Nursing Facilities Face Investigation

In response to continuing reports of deaths, abuse, and substandard care at long-term nursing facilities, the Senate Finance Committee has opened an investigation. The company in the spotlight is Select Medical Corporation, a for-profit long-term care provider with 89 facilities in 26 states, including North Carolina. (They own Select Specialty Hospitals in Durham and Winston-Salem.)

The investigation will focus on the deaths and poor treatment of seriously ill patients. According to a an article in the New York Times, these hospitals treat 200,000 patients each year, but rarely have full-time physicians on staff. In one particularly disturbing example, a dying patient’s heart alarm sounded for 77 minutes before nurses responded.

I think we can all recognize that this is horrendous care, but some people may wonder why the government would bother to get involved…and why the Senate Finance Committee. The answer comes down to funding.

The [Senate Finance] committee has substantial power over long-term care hospitals because it oversees Medicare. The federal program spends almost $5 billion annually on the hospitals, providing about 60 percent of their total revenue. (quoted from the New York Times article by Alex Berenson.)

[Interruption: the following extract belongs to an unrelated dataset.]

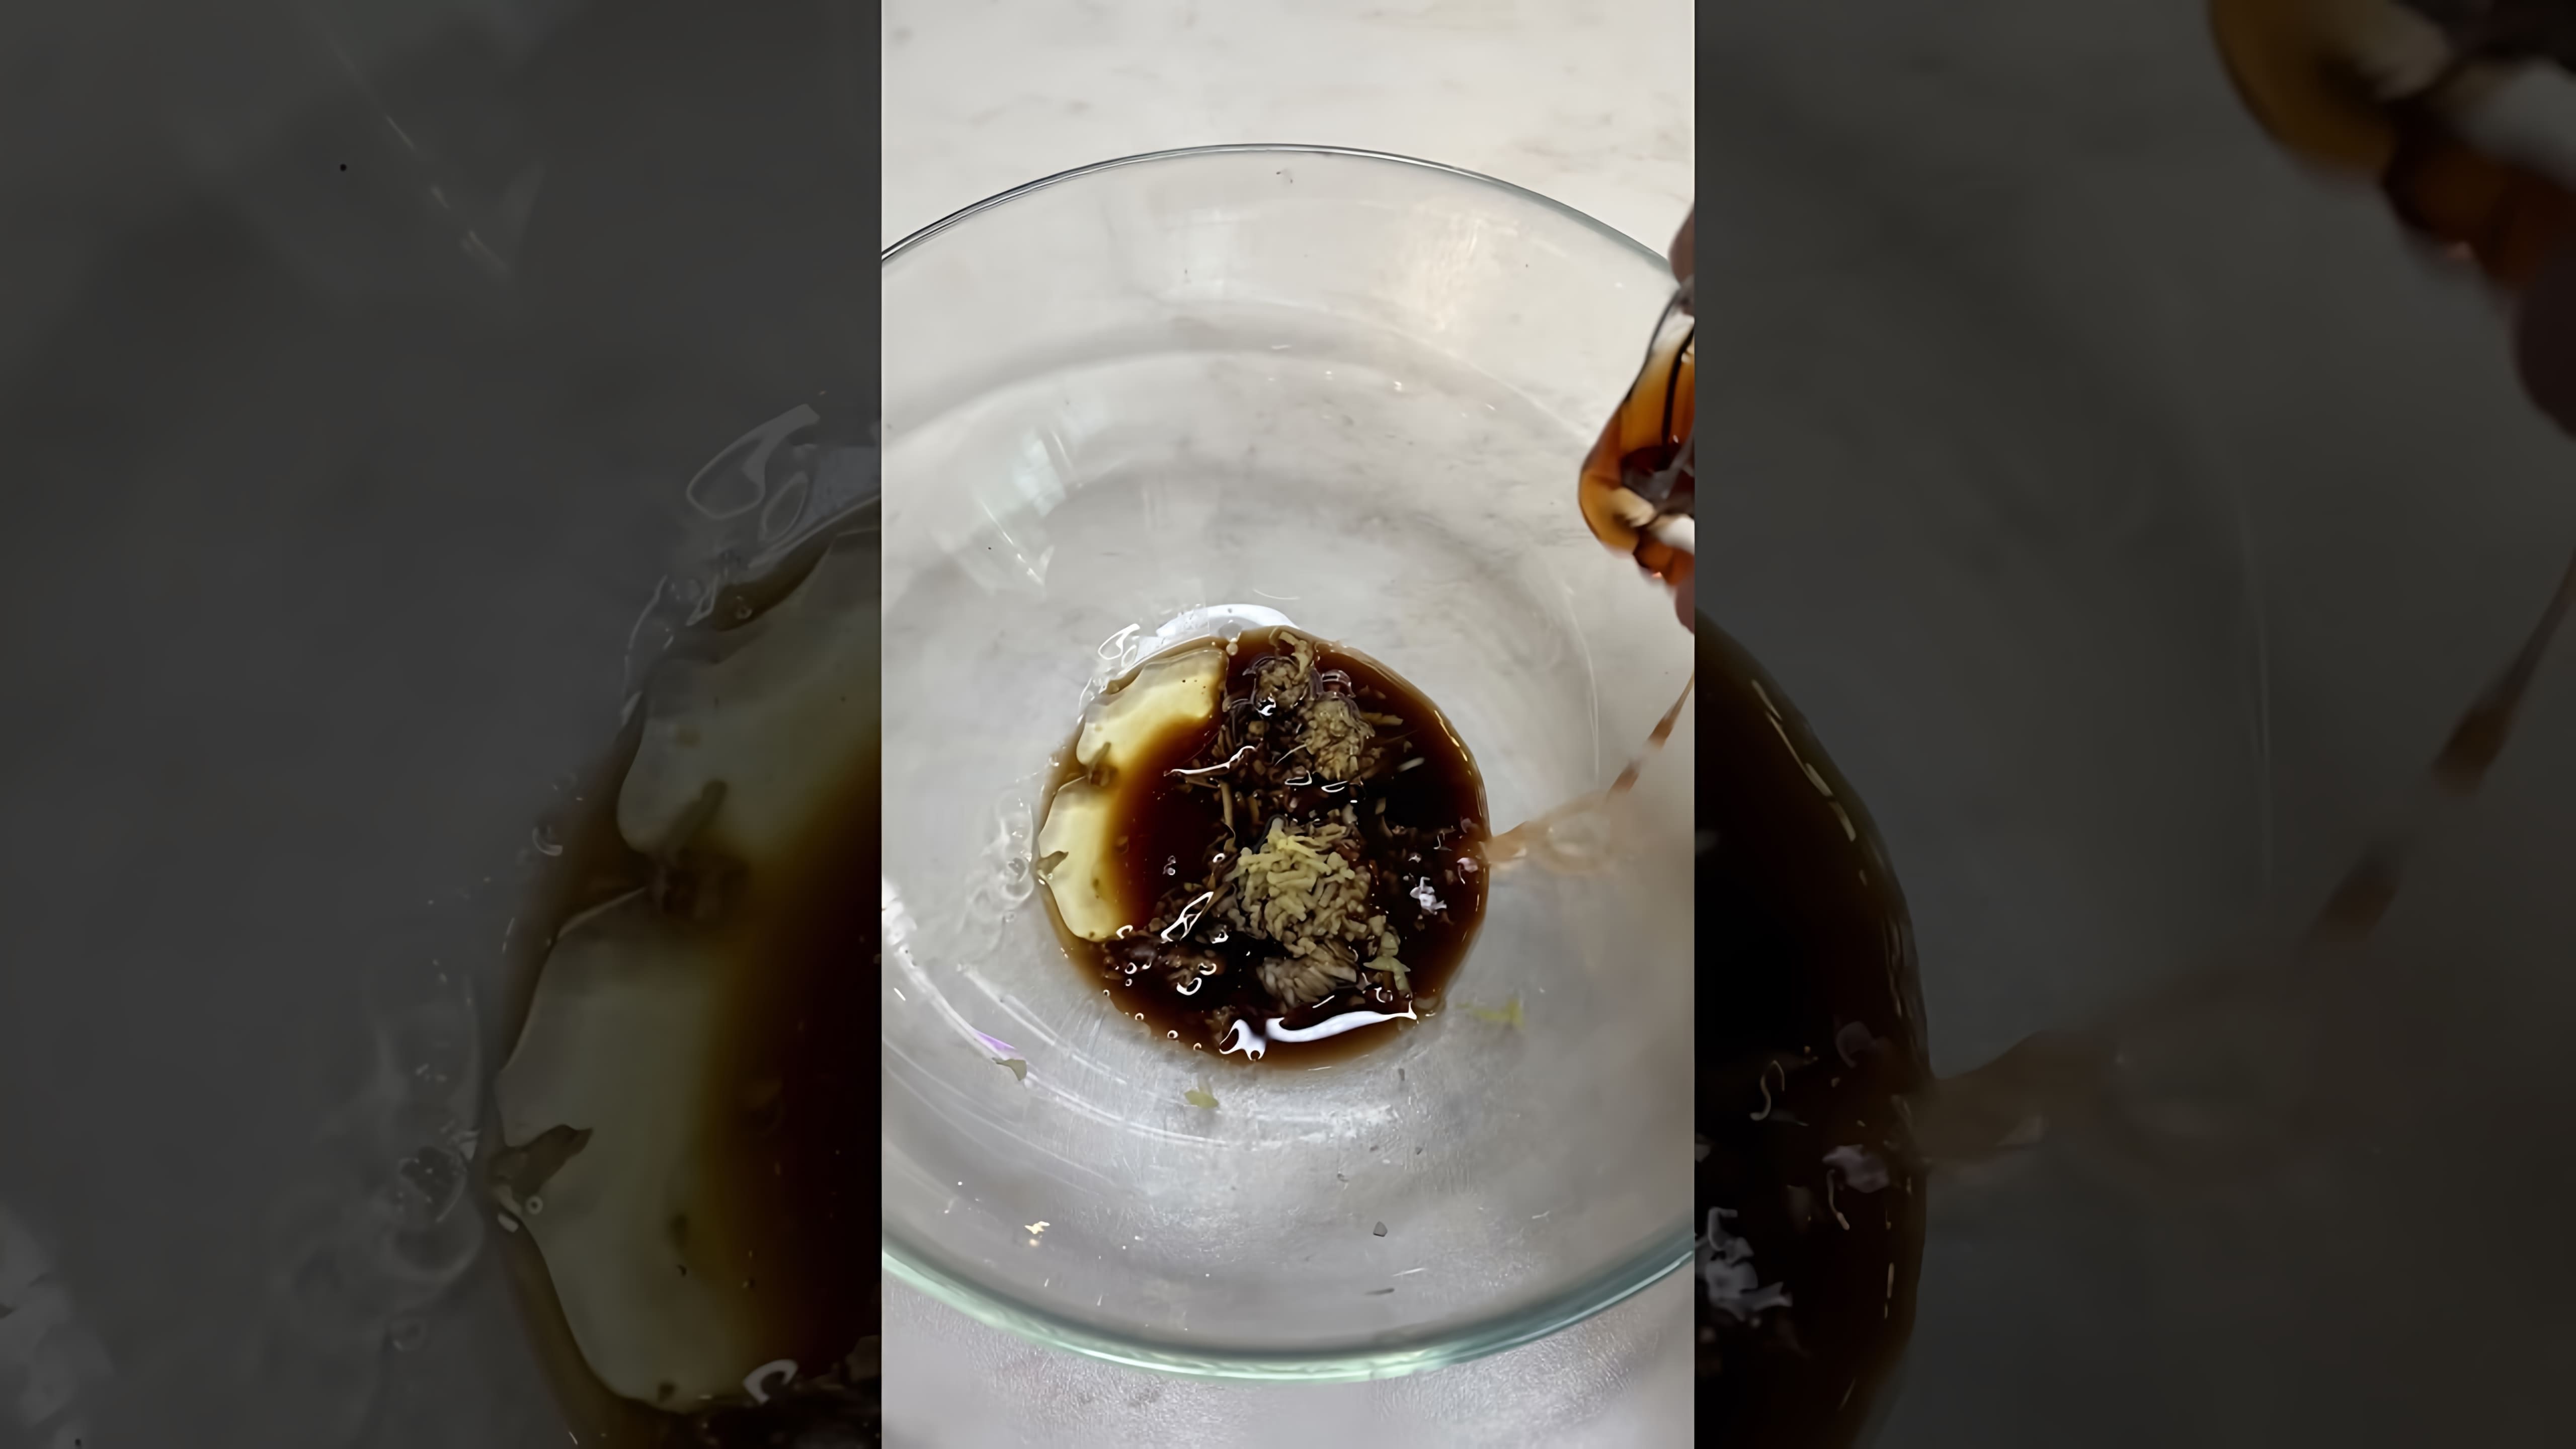 В этом видео демонстрируется простой рецепт приготовления стеклянной лапши, также известной как фунчоза

While it is always heartening to see investigations into specific companies that are doing wrong, it looks like this particular issue may have widespread benefits for all of us:

In a separate letter, the senators asked that the Government Accountability Office, Congress’s investigative agency, examine federal and state oversight of all long-term care hospitals, saying that they worried the facilities might expose patients “to an unreasonable risk of harm.”

Finally…hope for reform, from Medicare on down!